Я взяла старый фотоальбом, подняла прозрачный листок со второй страницы и вытащила один из снимков. Другая Ида Лаквидара, та, из прошлого, смотрела на меня, смеясь, и смеялась она надо мной; ей шестнадцать, мне — в два с лишним раза больше, я могу заболеть и умереть, а она останется в том же неизменном возрасте, что и мой отец, что и вещи в доме. Закрыв глаза, я ощутила запах морской пены, стекавшей с ее вьющихся темных волос. «Вот она я, видишь, какая я», — говорила поза, которую приняла перед объективом эта девушка, уже не ребенок и еще не взрослая. Сидя в мокасинах на какой-то террасе, она кокетливо прикасалась рукой к волосам и улыбалась Саре, которая фотографировала ее, а за спиной девушки сиял своей белизной остров Ортиджия. В школе нас знакомили со всеми фрагментами Греции, из которых сложена мозаика нашей родной Сицилии, и нам нравилось ощущать себя частью истории; учителя возили нас в театры на древнегреческие трагедии, а также организовывали выезды на открытые археологические раскопки по четкому расписанию вне зависимости от погоды.

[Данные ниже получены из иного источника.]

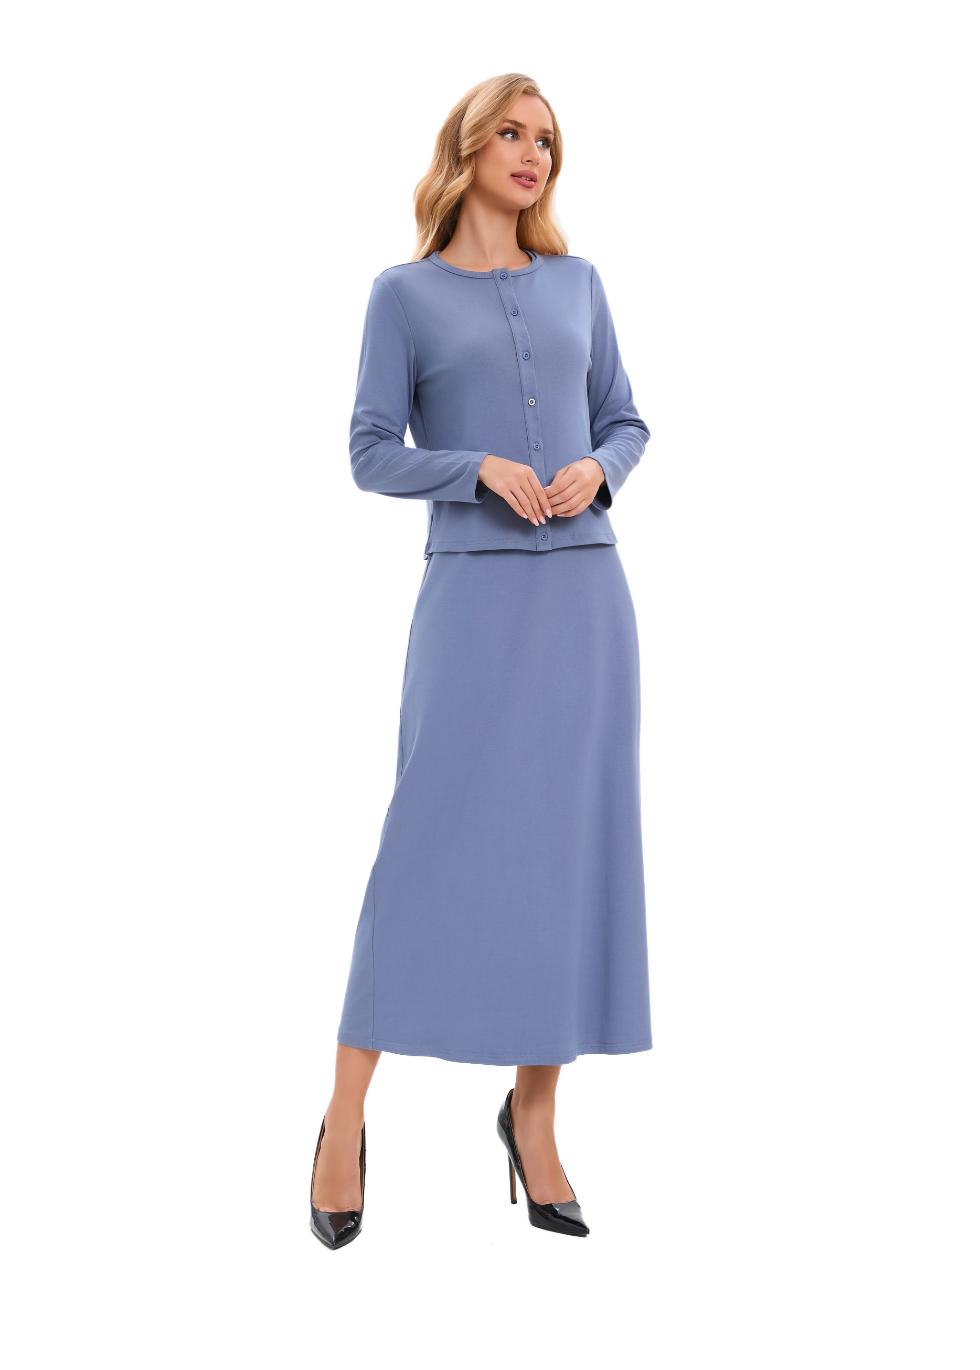 Pastel Blue Sheath Dress & Cardigan Matching Outfit Set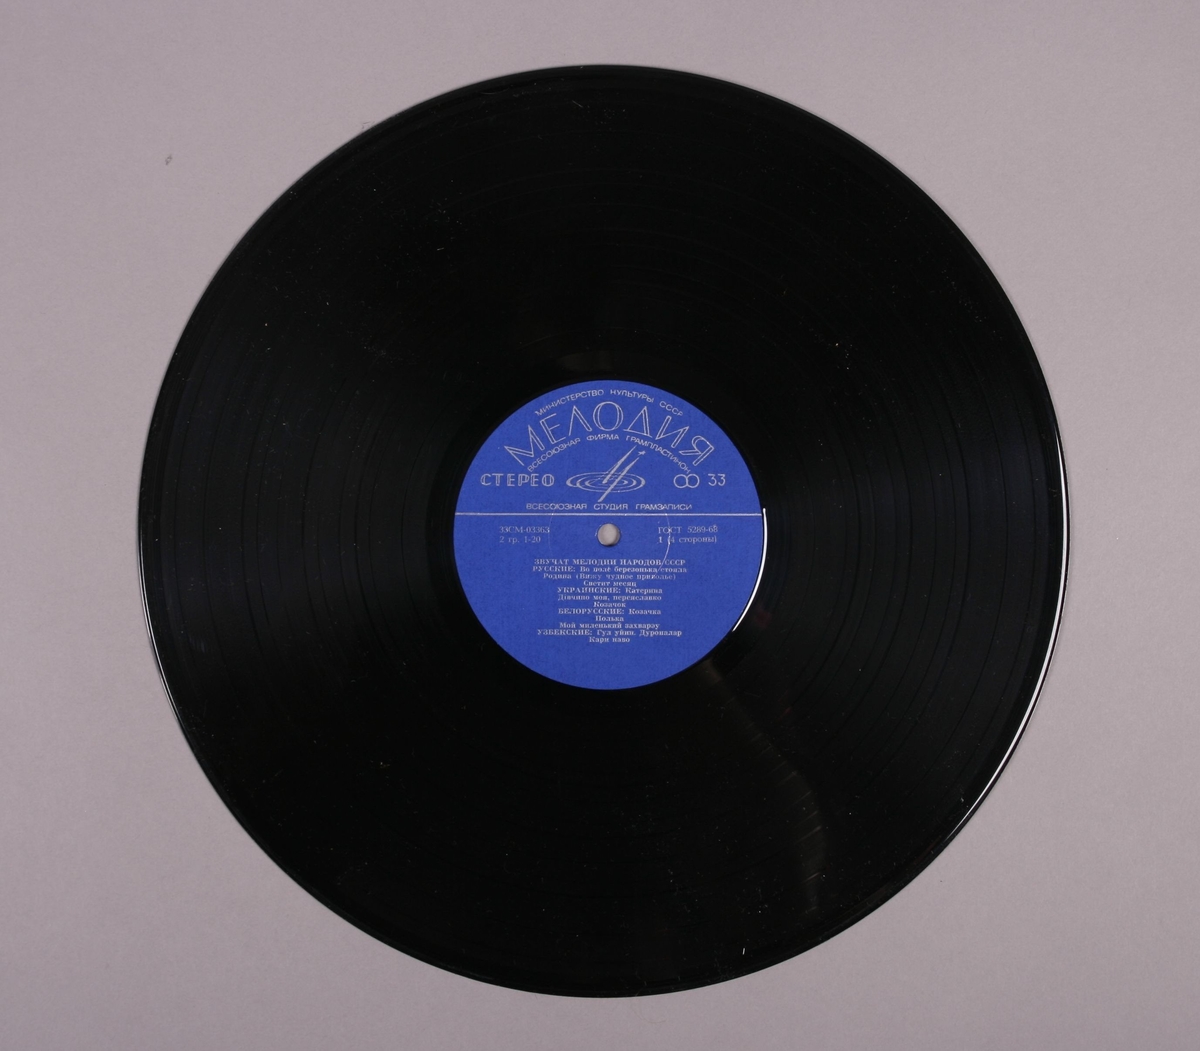 Grammofonplate i svart vinyl og uoriginalt plateomslag i papir. Påskrift på baksiden av plateomslaget hvor det står "Ulike meloder fra forskj. områder!".  Plata ligger i en plastlomme.

— На что засмотрелась? — Мать вошла в комнату и села на кровать рядом со мной. От маминого тела пахнуло жаром, и я отодвинулась. — Какой это год? — спросила она, глядя на снимок.

— Мам, можно тебя кое о чем попросить? — увильнула я от ответа. — Приготовь мне кофе, пожалуйста.

Кивнув, она поднялась и направилась к двери, но обернулась на пороге.

— Сейчас сделаю, но у меня к тебе ответная просьба. Пусть в твоем голосе будет поменьше скунтинтицца[10], оставь эти глупости для радио, вложи их в чужие уста.